It’s happens to
all of us. In fact, friends and I talked about it at dinner last night. Maybe
that’s what jinxed me. More likely it was the fact that I went to bed much
earlier than usual. Ten o’clock, and I slept soundly until one. But then there
I was, bright-eyed and bushy-tailed. One friend had said the worst thing you
can do is think about things. But how do you turn your mind off? I have never
been able to meditate or focus on my mantra—do I have one?—for that reason. My mind
is a busy little critter that darts hither and yon.
I discovered last
night that thinking about our country’s current political situation, with what
I see as a huge move toward a police state—federal executions to resume, ICE
can stop anyone anywhere and demand identification—is not a pathway to sleep.
(That new ruling, expanding ICE powers, reminds me of a man I knew who grew up
in Columbia, had lived in the States for many years, and was still terrified to
leave his home without his identification—this long before trump’s insane
deportation policies.)
So I thought about
the manuscript I’m working on and the passage I hoped to write today. Medium
good.
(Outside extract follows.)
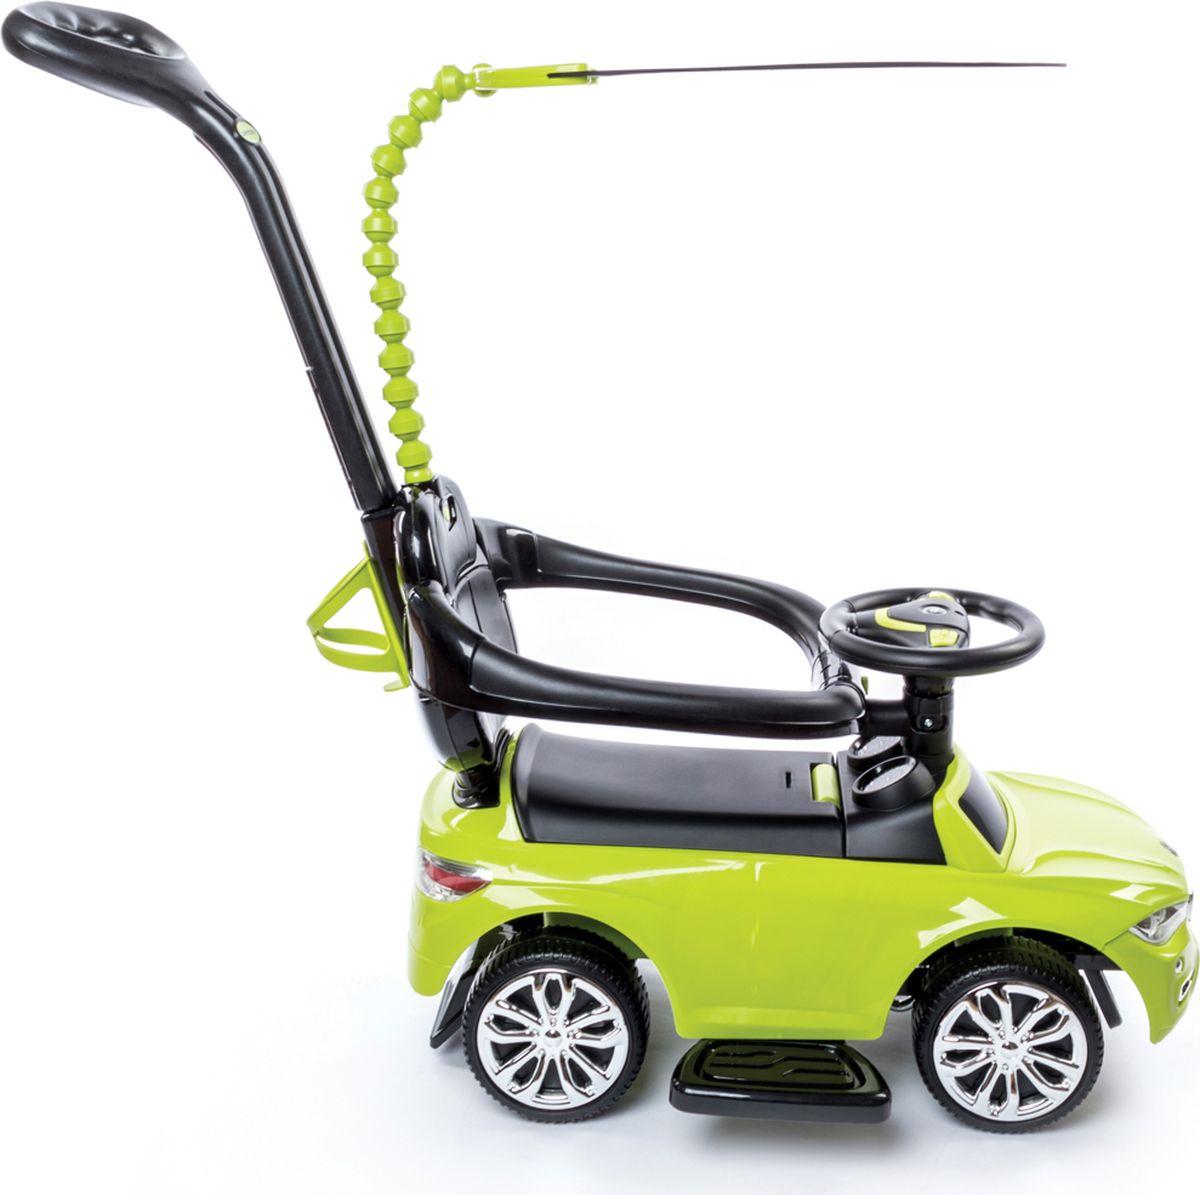 Happy Baby Машина-каталка Jeepsy цвет зеленый -  Каталки, понициклы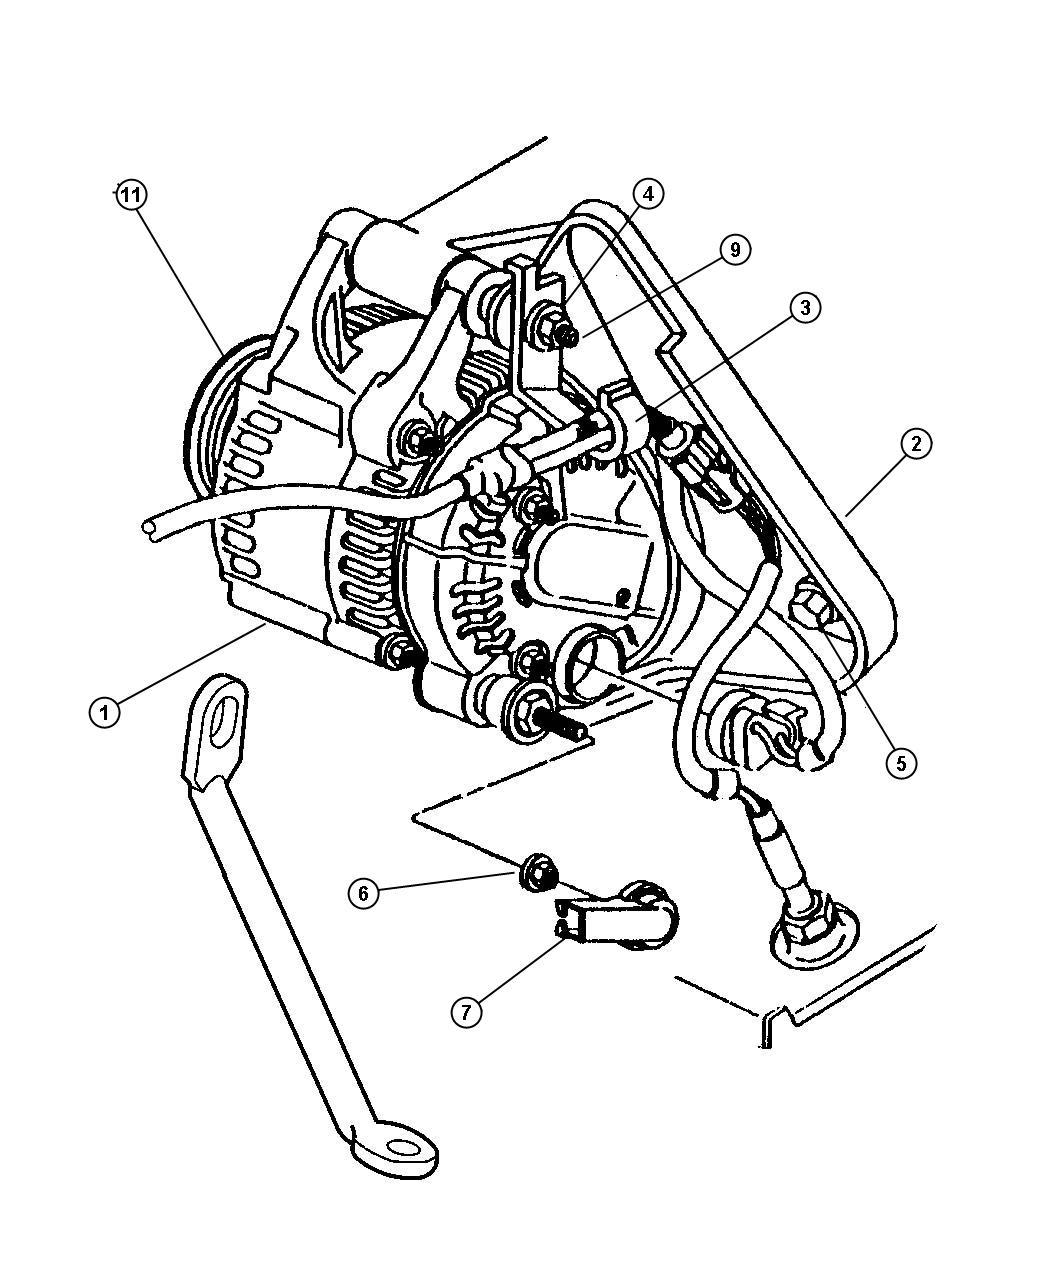 Dodge Intrepid Clip. Wiring. Transmission wiring

But my thoughts drifted. I thought about the things I want to cook this weekend,
and my grandson due home from camp tomorrow, and the dinner with friends I’d
just had. I thought about a forthcoming trip to New Mexico and whether or not
altitude would affect my A Fib, although two doctors’ offices have assured me
it will not. As you can see, some of these are comforting subjects and some are
not.
Finally about five
o’clock I drifted into a restless sleep and dreamt that my youngest son had
misbehaved badly. Poor thing—as far as I know he’s been a model of good behavior.
Well, most of the time.
A 6:45 Sophie wanted
to go out, and after she came in, I thought about trying to sleep but I knew it
was useless. Jordan had said we’d go to the grocery at 8:30, and I needed to be
ready. When she came out, she took one look at me and asked, “What’s wrong?” It’s
bad enough to feel out of kilter but knowing it’s obvious to someone who knows you
well only makes it worse.
You know that saying
often associated with Hillary Clinton? “But nonetheless, she persisted”? Well,
that’s what I did. I soldiered on. Went to the grocery. Spent too long on the
phone with the public library trying to sort out a web access problem, less
time but still too much trying to sort out a Central Market order—I have to say
in both cases the people on the other end of the line were charming, helpful, and
kind. Wrote the passage stored in my mind, tried to make pesto and figured out
my counter-size processor won’t do it, poached chicken breasts because I’ve
decided that’s easier than de-boning a rotisseries chicken, ate a salmon pattie
for dinner and wondered when I would remember that the ones I make at home are
much better than the ones I get even from a sophisticated take-out counter.
Yeah, It wasn’t a
bad day, but I sure would like to sleep soundly tonight. I hope each and every
one of you sleep hard and have pleasant dreams tonight.